## Your goal
Reproduce the data exactly. Omit no record.

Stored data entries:

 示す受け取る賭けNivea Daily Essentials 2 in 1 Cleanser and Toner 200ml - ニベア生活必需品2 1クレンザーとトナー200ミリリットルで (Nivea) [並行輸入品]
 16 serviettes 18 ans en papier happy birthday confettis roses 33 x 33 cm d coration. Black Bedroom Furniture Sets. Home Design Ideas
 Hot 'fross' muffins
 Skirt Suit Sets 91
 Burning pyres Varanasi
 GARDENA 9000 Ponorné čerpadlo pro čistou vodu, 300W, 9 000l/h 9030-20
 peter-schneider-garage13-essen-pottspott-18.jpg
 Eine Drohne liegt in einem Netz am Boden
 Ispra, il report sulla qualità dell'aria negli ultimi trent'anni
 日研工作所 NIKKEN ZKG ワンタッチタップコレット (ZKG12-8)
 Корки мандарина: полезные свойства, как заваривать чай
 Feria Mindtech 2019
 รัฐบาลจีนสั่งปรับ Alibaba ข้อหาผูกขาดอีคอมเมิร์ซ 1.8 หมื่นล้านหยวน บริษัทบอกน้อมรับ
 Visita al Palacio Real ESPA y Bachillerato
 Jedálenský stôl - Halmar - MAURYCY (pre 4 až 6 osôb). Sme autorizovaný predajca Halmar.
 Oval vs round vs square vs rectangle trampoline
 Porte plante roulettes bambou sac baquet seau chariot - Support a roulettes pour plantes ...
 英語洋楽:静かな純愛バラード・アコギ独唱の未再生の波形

## Response to the exercise
 示す受け取る賭けNivea Daily Essentials 2 in 1 Cleanser and Toner 200ml - ニベア生活必需品2 1クレンザーとトナー200ミリリットルで (Nivea) [並行輸入品]
 16 serviettes 18 ans en papier happy birthday confettis roses 33 x 33 cm d coration. Black Bedroom Furniture Sets. Home Design Ideas
 Hot 'fross' muffins
 Skirt Suit Sets 91
 Burning pyres Varanasi
 GARDENA 9000 Ponorné čerpadlo pro čistou vodu, 300W, 9 000l/h 9030-20
 peter-schneider-garage13-essen-pottspott-18.jpg
 Eine Drohne liegt in einem Netz am Boden
 Ispra, il report sulla qualità dell'aria negli ultimi trent'anni
 日研工作所 NIKKEN ZKG ワンタッチタップコレット (ZKG12-8)
 Корки мандарина: полезные свойства, как заваривать чай
 Feria Mindtech 2019
 รัฐบาลจีนสั่งปรับ Alibaba ข้อหาผูกขาดอีคอมเมิร์ซ 1.8 หมื่นล้านหยวน บริษัทบอกน้อมรับ
 Visita al Palacio Real ESPA y Bachillerato
 Jedálenský stôl - Halmar - MAURYCY (pre 4 až 6 osôb). Sme autorizovaný predajca Halmar.
 Oval vs round vs square vs rectangle trampoline
 Porte plante roulettes bambou sac baquet seau chariot - Support a roulettes pour plantes ...
 英語洋楽:静かな純愛バラード・アコギ独唱の未再生の波形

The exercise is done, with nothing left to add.